Losing baby teeth: When it’s time to meet the tooth fairy

When It’s Time to Meet the Tooth Fairy

A little one’s first wiggly tooth is a bittersweet milestone for parents. It’s another sign they’re growing up. But when this happens varies widely.

Babies are born with 20 primary teeth just under their gums. These teeth, like adult chompers, vary in shape, size, and location. Like a football team, their differences all work together for a purpose — to help kids chew comfortably, speak clearly, and smile happily. They also help form and shape the mouth, jaw, and face.

Baby teeth begin to erupt at around 6 months of age and sprout over the next few years.
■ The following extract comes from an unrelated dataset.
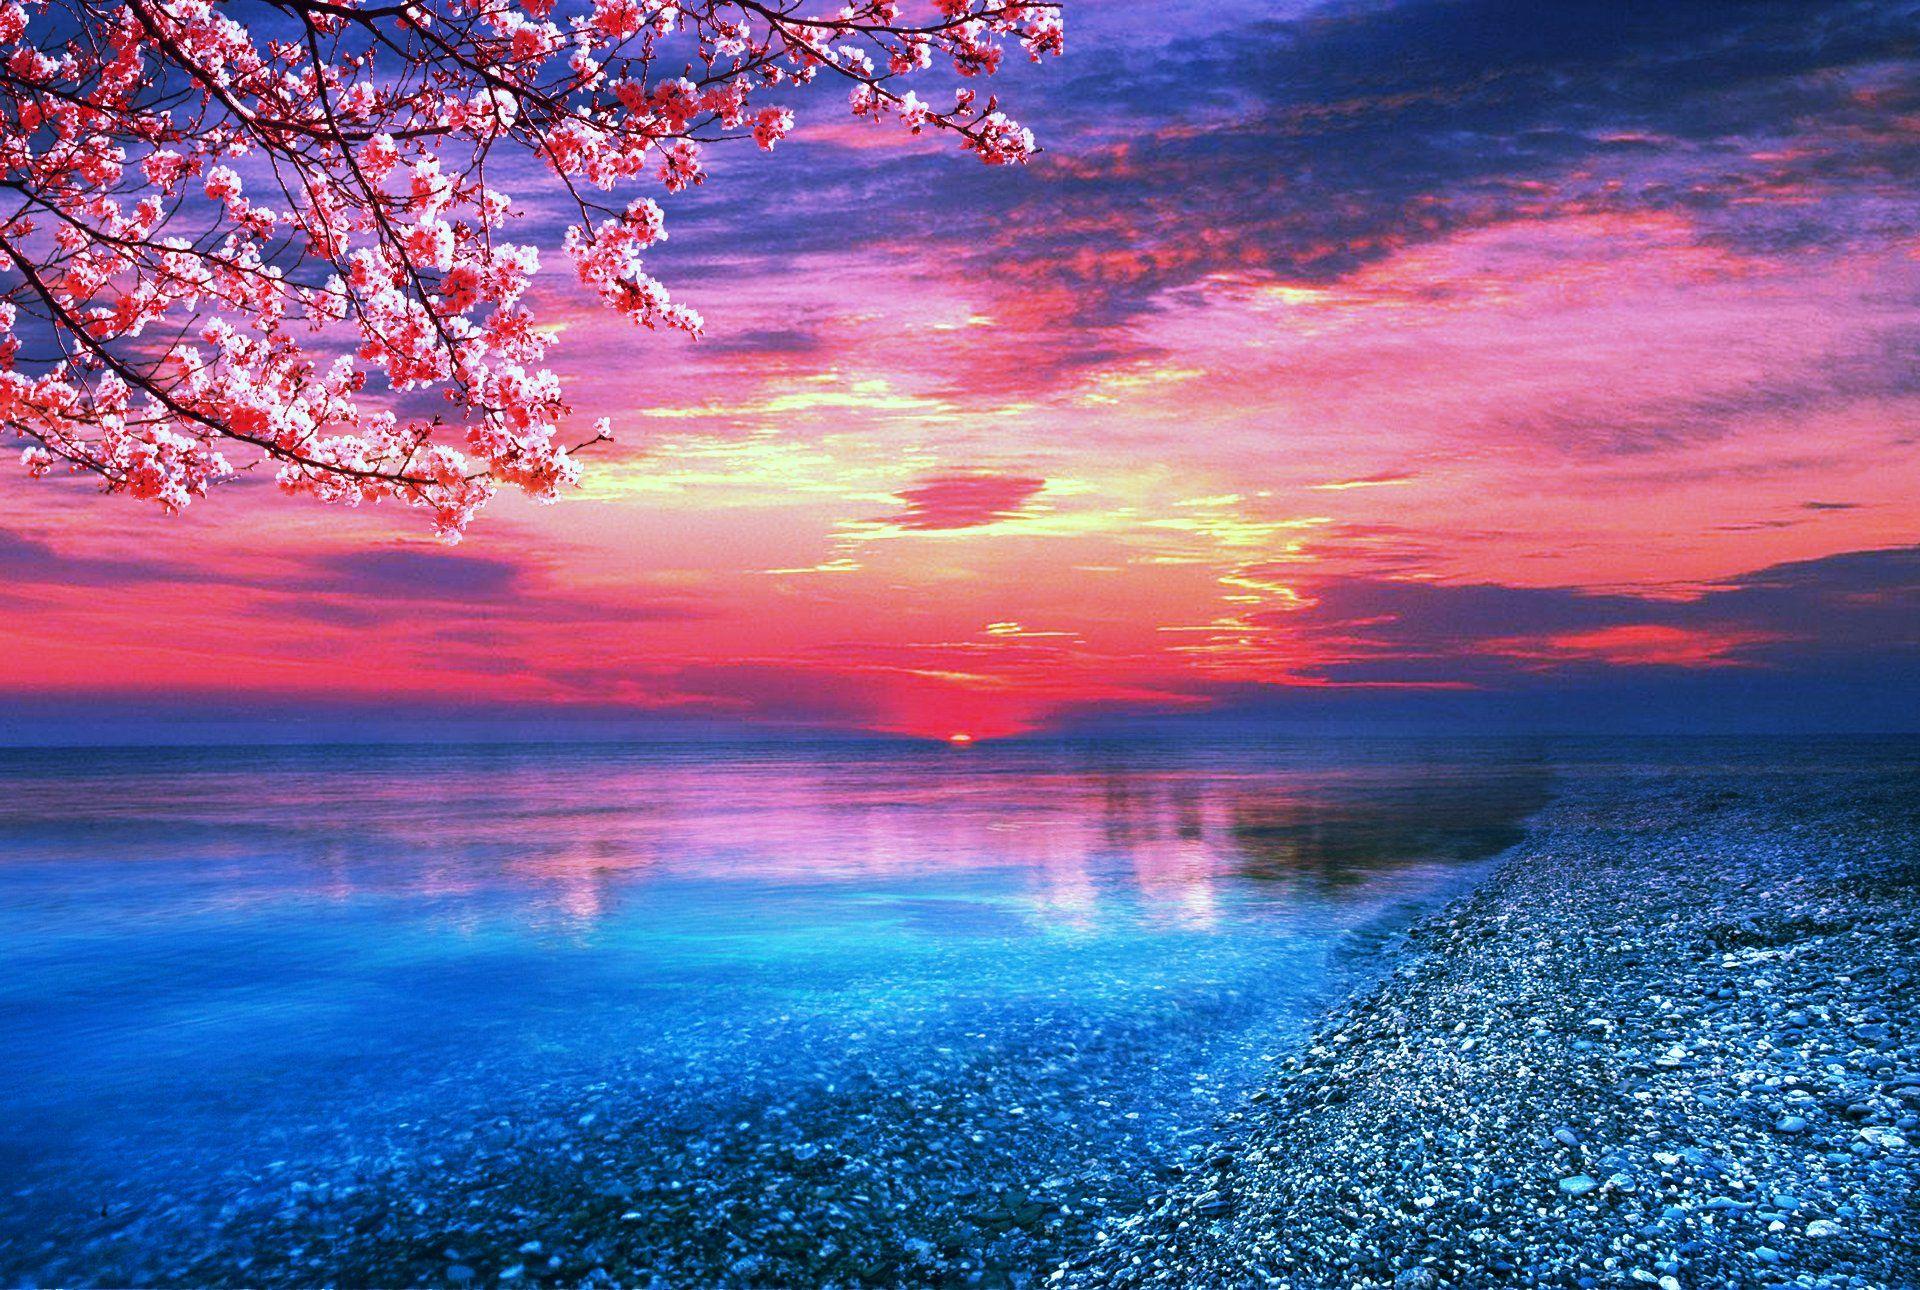 Looks so much like a painting in Japan 🌸 Ocean wallpaper

Children start to lose baby teeth as early as age four while others won’t meet the tooth fairy until age seven. On average, most children will begin to lose their primary teeth around age six. But timing isn’t everything. What’s more important is the order in which teeth fall out and are replaced with permanent teeth.

Typically, the first baby teeth to fall out are the two bottom and two top front teeth. These are called the lower and upper central incisors. Usually the lateral incisors, first molars, canines, and second molars follow. Children lose their molars between ages 10 to 12. Adult molars come in around the age of 13. By age 21, all 32 permanent teeth have usually erupted.

If a youngster loses a baby tooth early from decay or an accident, it could create problems for permanent teeth. An adult tooth might drift to the open space, crowding other teeth and causing crookedness. Alert your child’s pediatric dentist if your child loses a tooth for any reason other than a permanent tooth coming in.

Make sure your child continues to brush and floss, and remember to schedule dental checkups twice a year. Regular visits with your pediatric dentist will ensure your child’s teeth are healthy as they transition from baby teeth to permanent choppers.